数据增强 MCMC 用于从私有化数据中推断出贝叶斯人的数据 (Data Augmentation MCMC for Bayesian Inference from Privatized Data)

Differentially private mechanisms protect privacy by introducing additional randomness into the data. Restricting access to only the privatized data makes it challenging to perform valid statistical inference on parameters underlying the confidential data. Specifically, the likelihood function of the privatized data requires integrating over the large space of confidential databases and is typically intractable. For Bayesian analysis, this results in a posterior distribution that is doubly intractable, rendering traditional MCMC techniques inapplicable. We propose an MCMC framework to perform Bayesian inference from the privatized data, which is applicable to a wide range of statistical models and privacy mechanisms. Our MCMC algorithm augments the model parameters with the unobserved confidential data, and alternately updates each one conditional on the other. For the potentially challenging step of updating the confidential data, we propose a generic approach that exploits the privacy guarantee of the mechanism to ensure efficiency. In particular, we give results on the computational complexity, acceptance rate, and mixing properties of our MCMC. We illustrate the efficacy and applicability of our methods on a na\"ive-Bayes log-linear model as well as on a linear regression model.
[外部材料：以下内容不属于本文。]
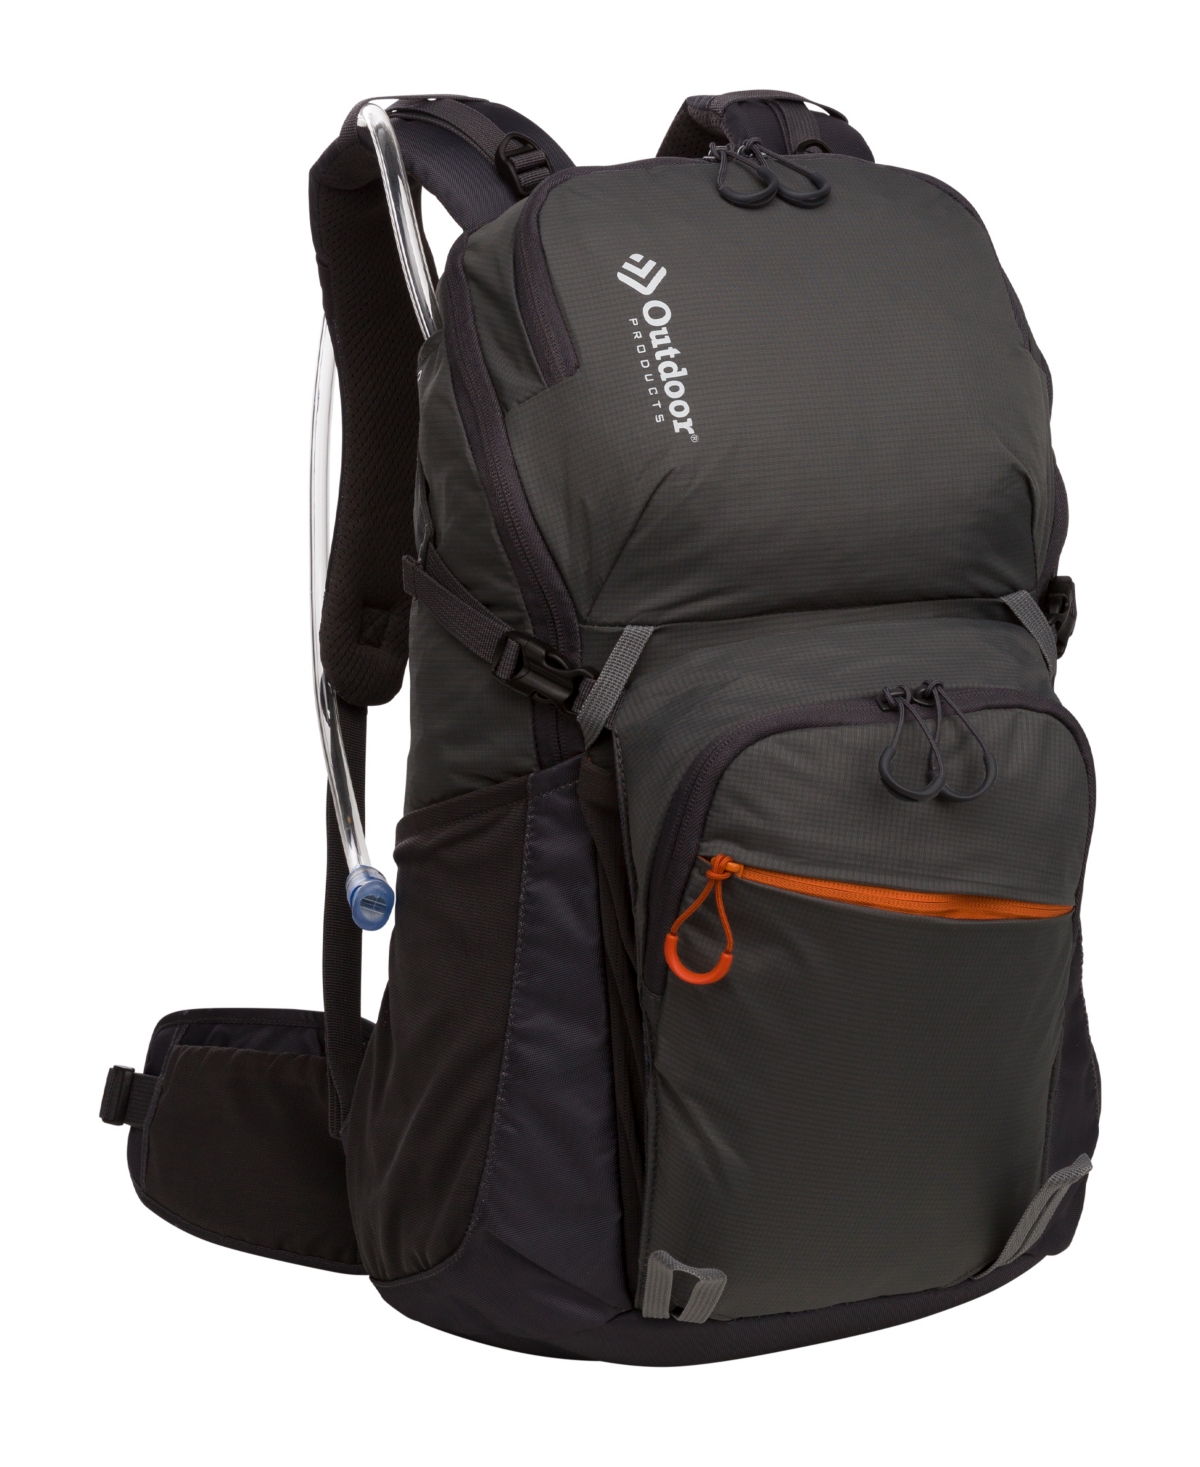 Grand View H2O Backpack - Gray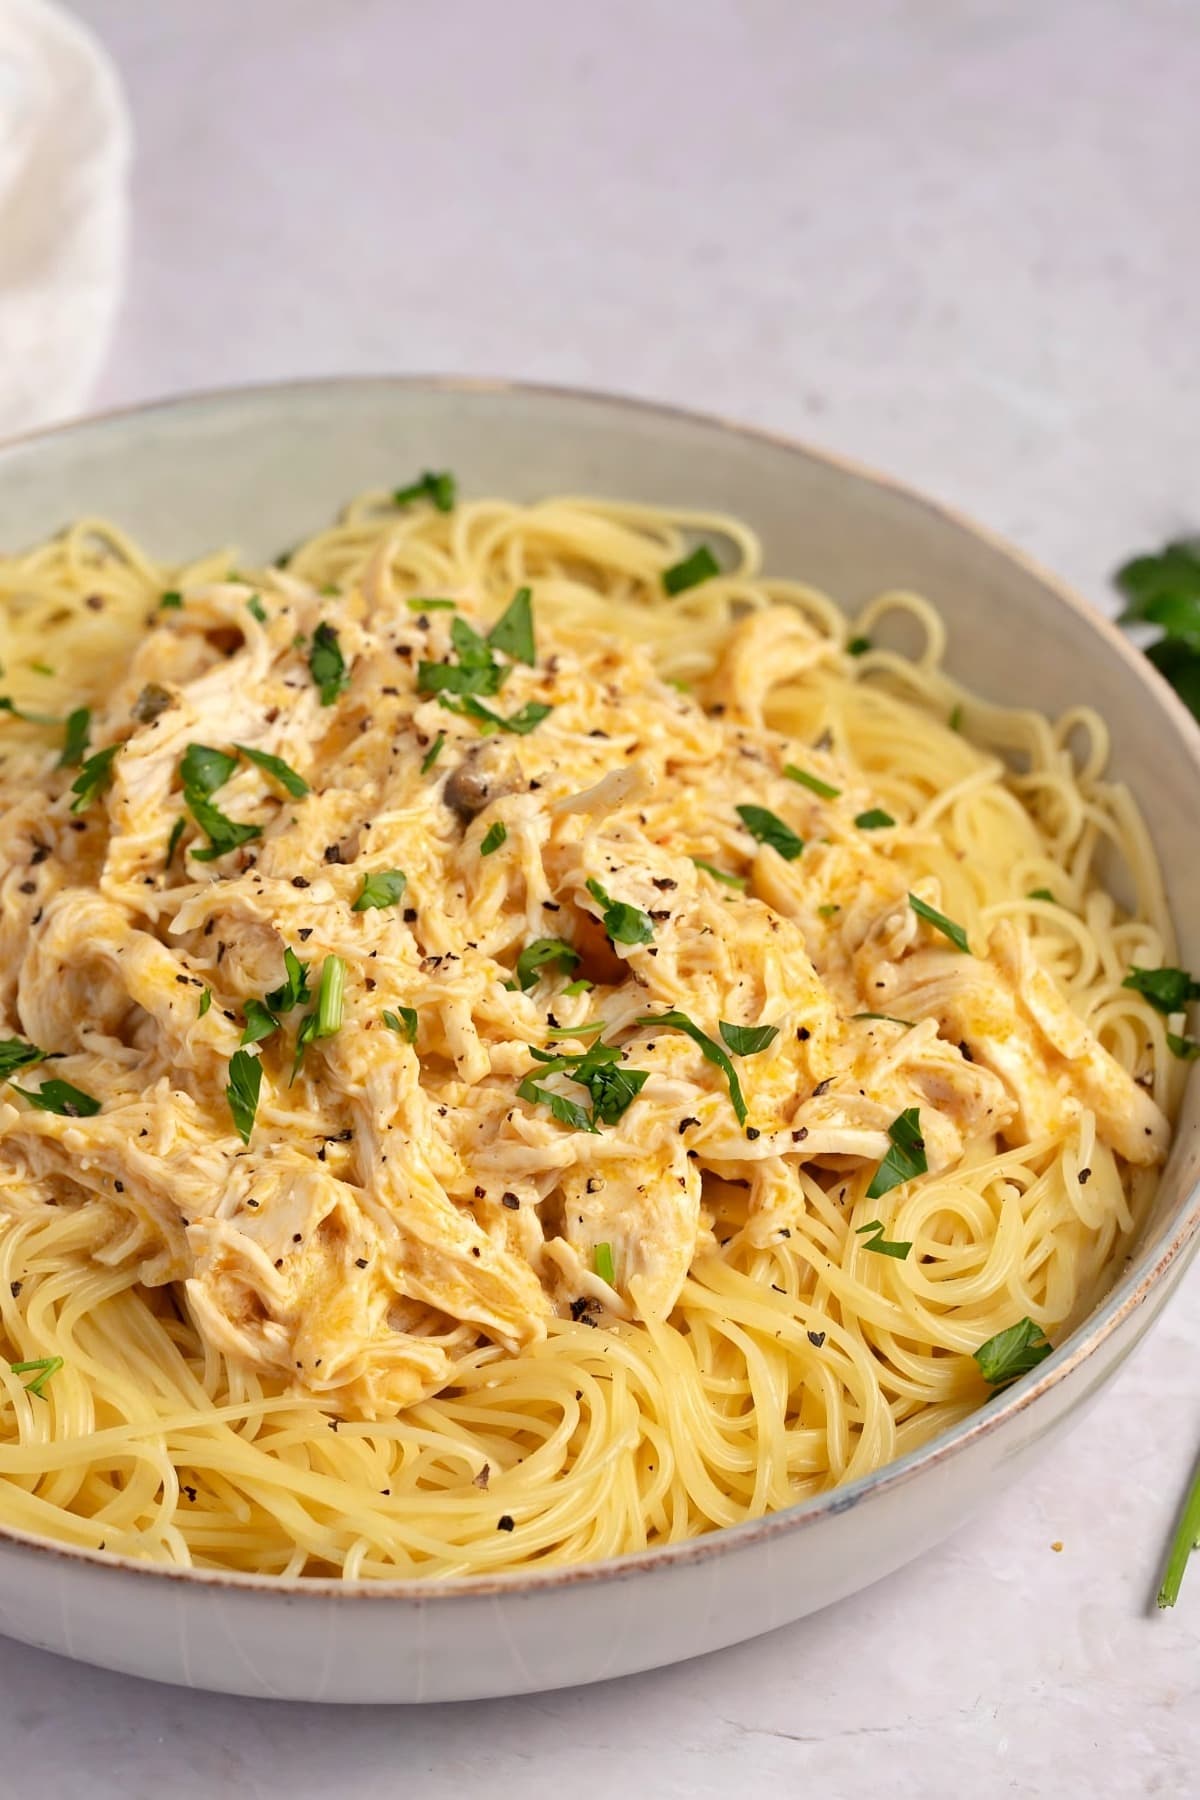 Homemade Crockpot Angel Chicken with Pasta and Herbs in a Bowl

翻译：限制对私营数据进行有效的统计推断。具体地说,私有化数据的可能性功能要求对大量机密数据库进行整合,而且通常很难处理。对于巴伊西亚人的分析,这会导致后方分布加倍难以处理,传统MCMC技术无法适用。我们提议一个MCMC框架,从私有化数据中进行巴伊西亚推理,这种推理适用于广泛的统计模型和隐私机制。我们的MCMC算法用未观测的机密数据来补充模型参数,并互相更新。对于可能具有挑战性的更新机密数据的步骤,我们提出一种通用办法,利用该机制的隐私保障来确保效率。我们尤其提出了计算复杂性、接受率和混合MMC特性方面的结果。我们说明了我们的方法在“na\ve-Bayes-线性线性模型”以及线性模型上的效力和适用性。